Somit hätte also ein optimaler Schlaf die empfohlene Dauer von sieben bis neun Stunden für erwachsene Personen (siehe Frage Wie lange sollte ich schlafen? in Kapitel 1). Der optimale Schlaf ist wenig „fragmentiert“, hat also keine oder wenig lange Wachphasen. Kurze Wachphasen, an die wir uns meist nicht erinnern, können dagegen auftreten. Da Anzahl und Dauer der Wachphasen mit dem Lebensalter ansteigen, sollten die Wachphasen mit dem Auftreten in der jeweiligen Altersgruppe verglichen werden. Die Schlafzyklen sollten „normal“ sein, der REM-Schlaf sollte also beispielsweise nicht zu früh während der Schlafzeit auftreten. Für einen optimalen Schlaf sollten Schlafstörungen, wie Atemprobleme, nicht auftreten. Ich würde zusätzlich sagen, dass der optimale Schlaf möglichst viel Tiefschlaf enthalten sollte (angepasst an das Alter der Person), da dieser mit vielen wichtigen Funktionen des Schlafs wie z. B. der Erholungsfunktion, dem Immunsystem und unserem Gedächtnis in Zusammenhang gebracht wird.

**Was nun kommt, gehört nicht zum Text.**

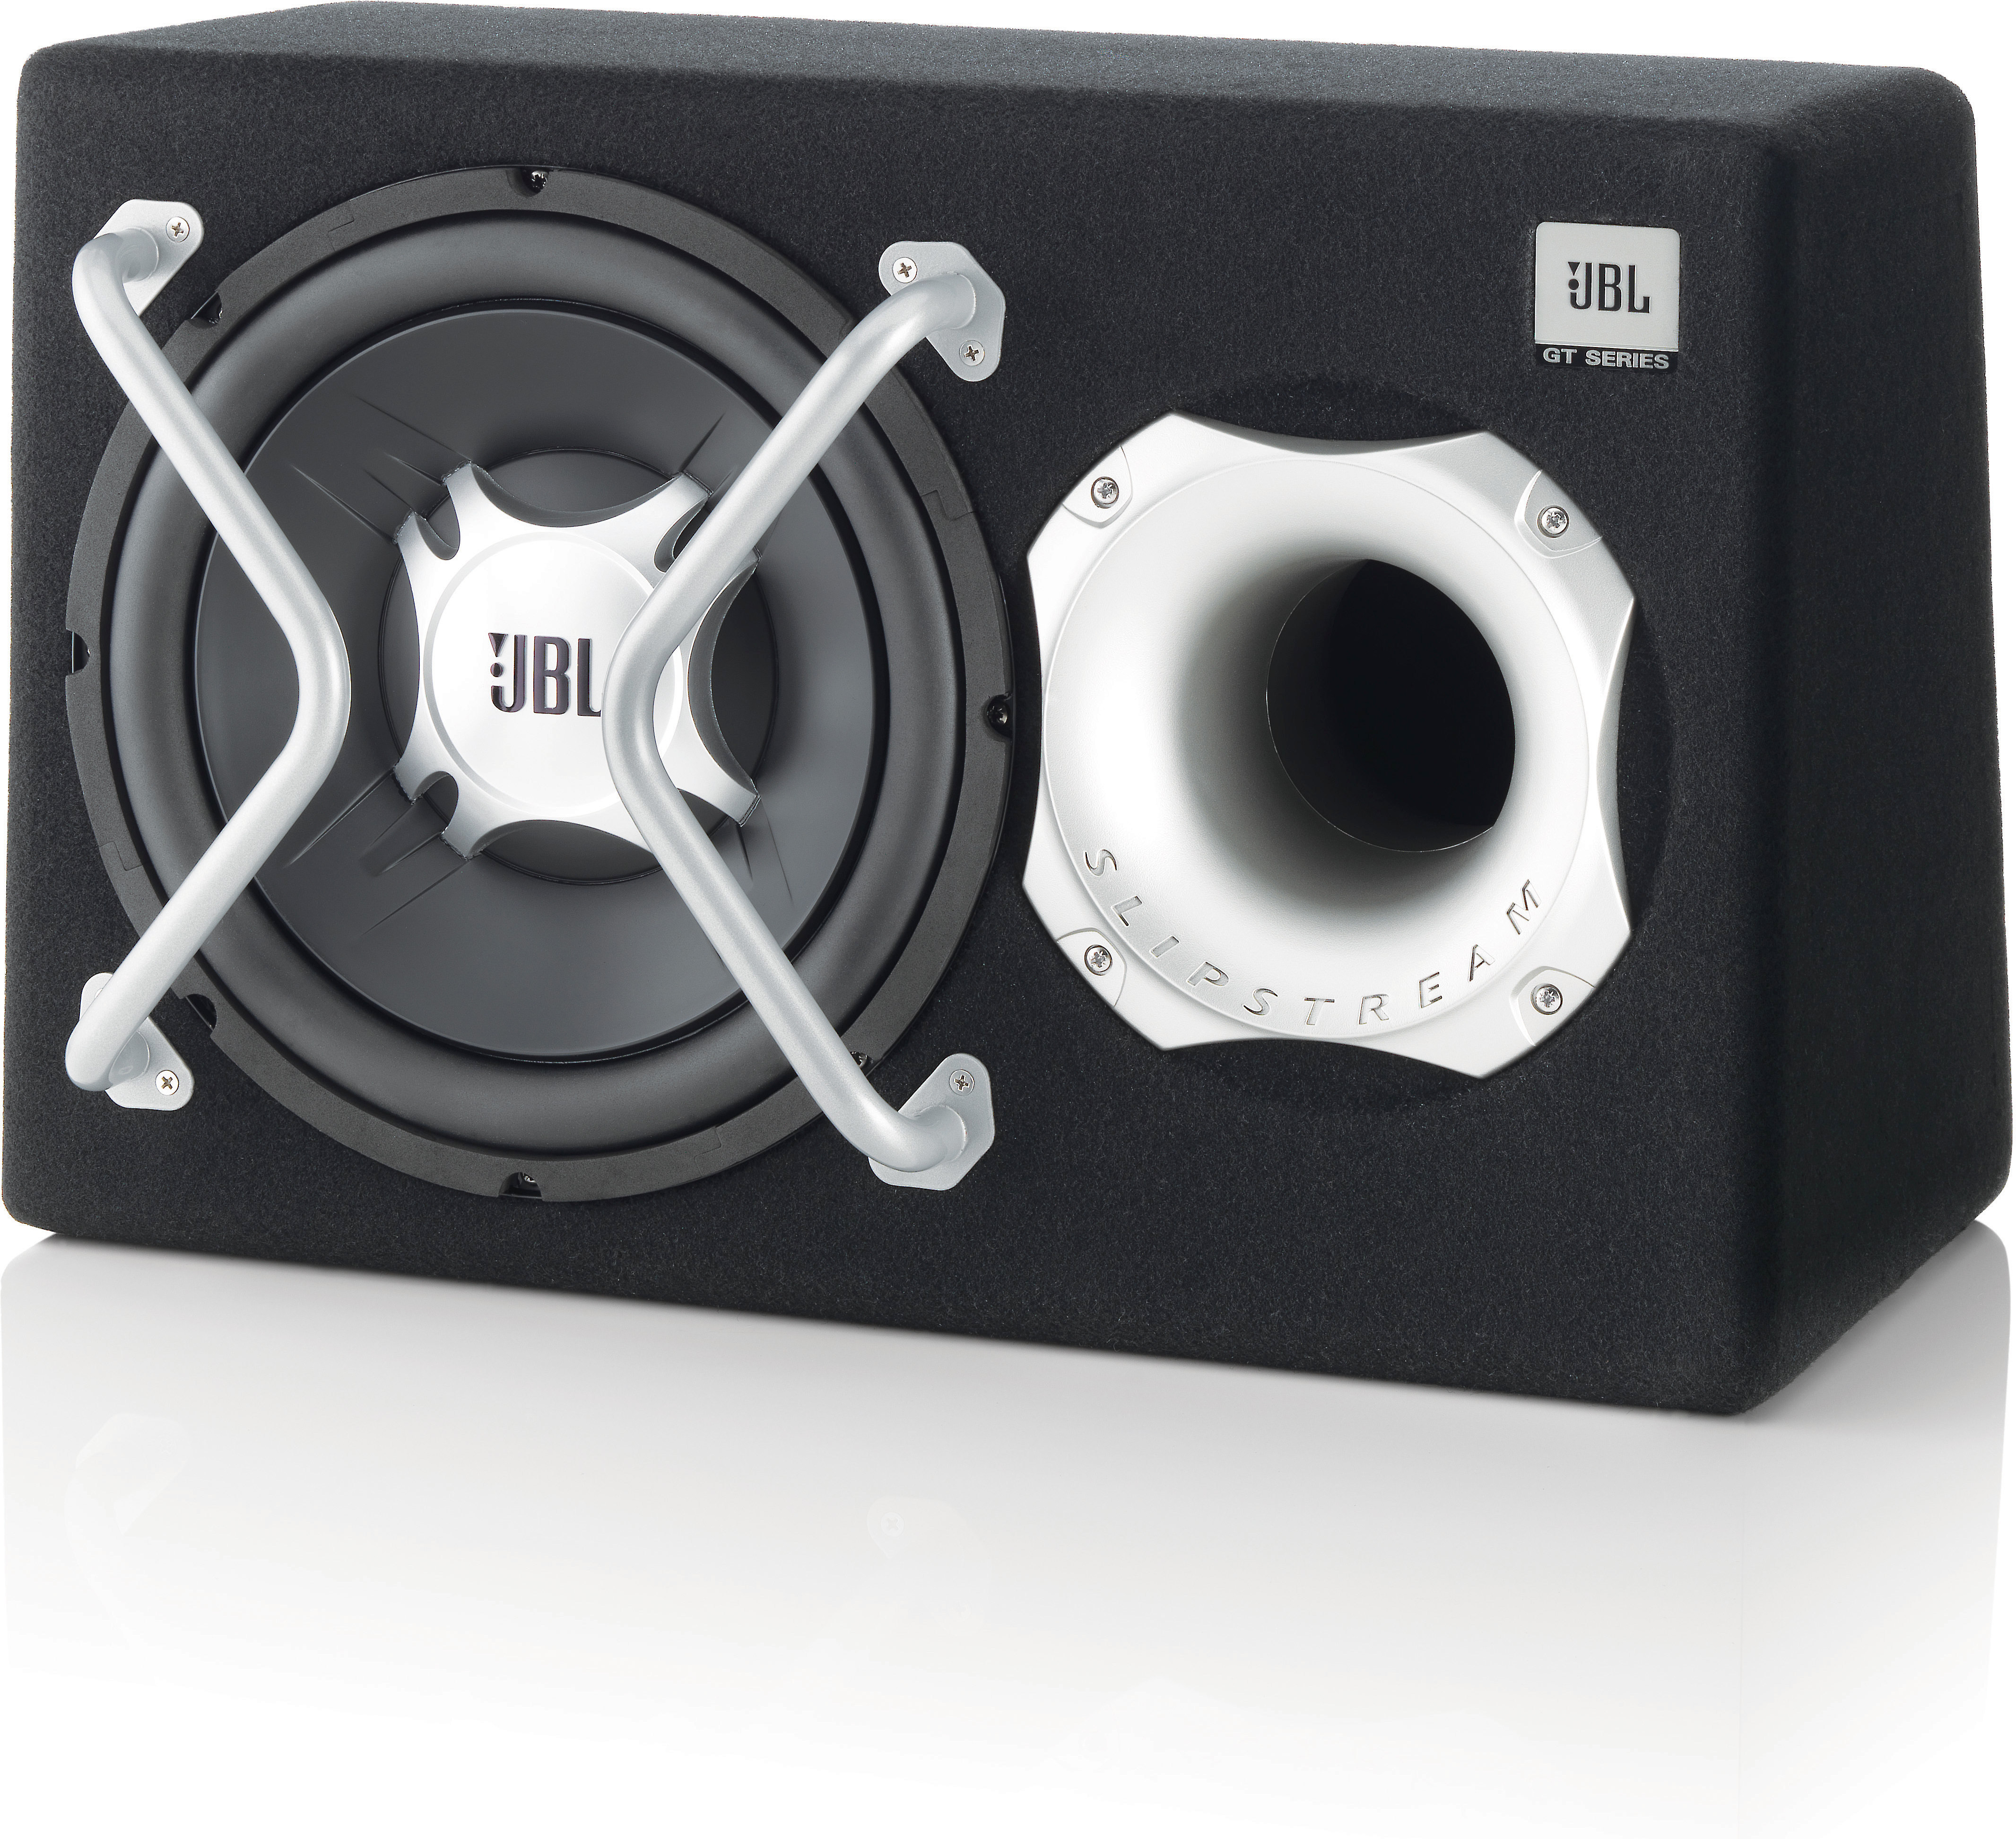 jbl speakers 450 watts price

Allerdings könnte es auch sein, dass es gar nicht den einen optimalen Schlaf gibt, sondern dass je nach gewünschter Funktion unterschiedliche Schlafphasen „optimiert“ werden müssten: Wenn die Gedächtnisbildung und das Immunsystem stark vom Tiefschlaf profitieren, dann wäre für eine bessere Immunabwehr oder eine bessere Gedächtnisbildung sicherlich mehr Tiefschlaf vorteilhaft. Emotionale Prozesse könnten aber z. B. von mehr REM-Schlaf profitieren. Für diese Funktion wäre dann ein Mehr an REM-Schlaf wünschenswert. Obwohl natürlich die einfache Rechnung „mehr ist besser“ nicht immer zutreffen muss.

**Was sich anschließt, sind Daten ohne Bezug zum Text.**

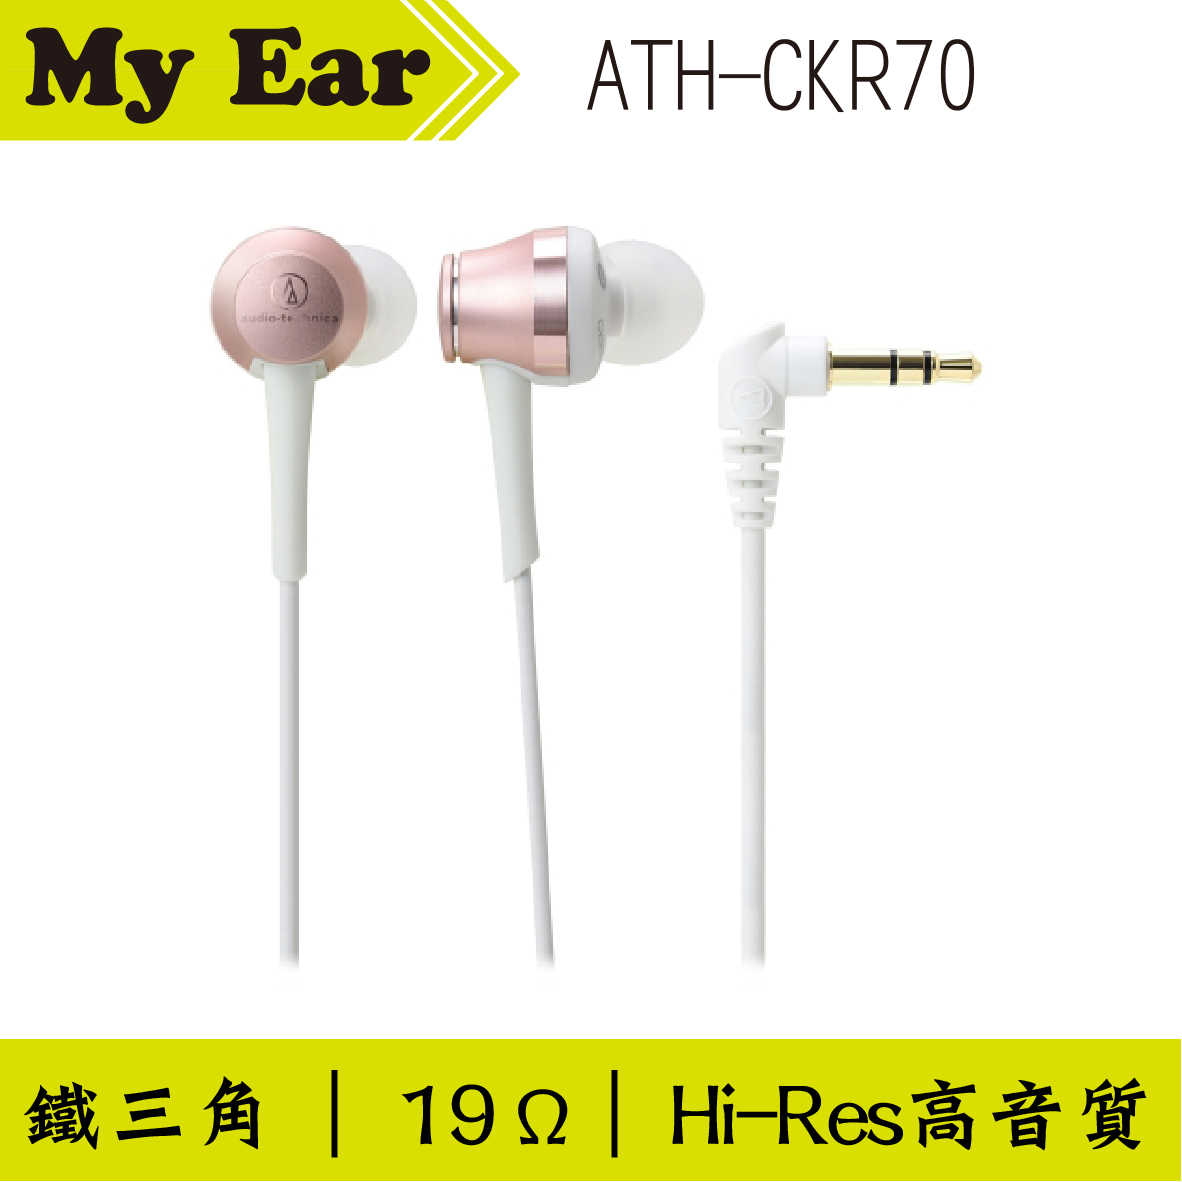 鐵三角 ATH-CKR70 耳道式耳機 玫瑰金色｜My Ear 耳機專門店

Die genaue Definition eines optimalen Schlafs ist also schwierig und hängt wahrscheinlich davon ab, welches Ziel erreicht werden soll. Wenn es zum Beispiel darum geht, die generelle Lebenszufriedenheit und allgemeine Gesundheit zu erhöhen, dann ist Schlaf natürlich nur eine Komponente. Es spielt auch eine wichtige Rolle, wie wir unsere Wachheit verbringen. Neuere Vorschläge sehen deshalb den Schlaf als komplexen Zustand innerhalb unseres 24-Stunden-Tages [23]. Der optimale Schlaf für unsere Lebenszufriedenheit und Gesundheit würde dann nicht einfach eine bestimmte Länge („Du musst pro Nacht acht Stunden schlafen!“) oder eine bestimmte Tiefe haben, sondern wäre gut eingebettet in andere gesundheitsfördernde Faktoren, wie Bewegung, Ernährung und Aufrechterhaltung sozialer Beziehungen. Insofern kann es unter Umständen „gesünder“ sein, eine Nacht einmal weniger zu schlafen, um einen schönen Abend mit Freunden zu verbringen.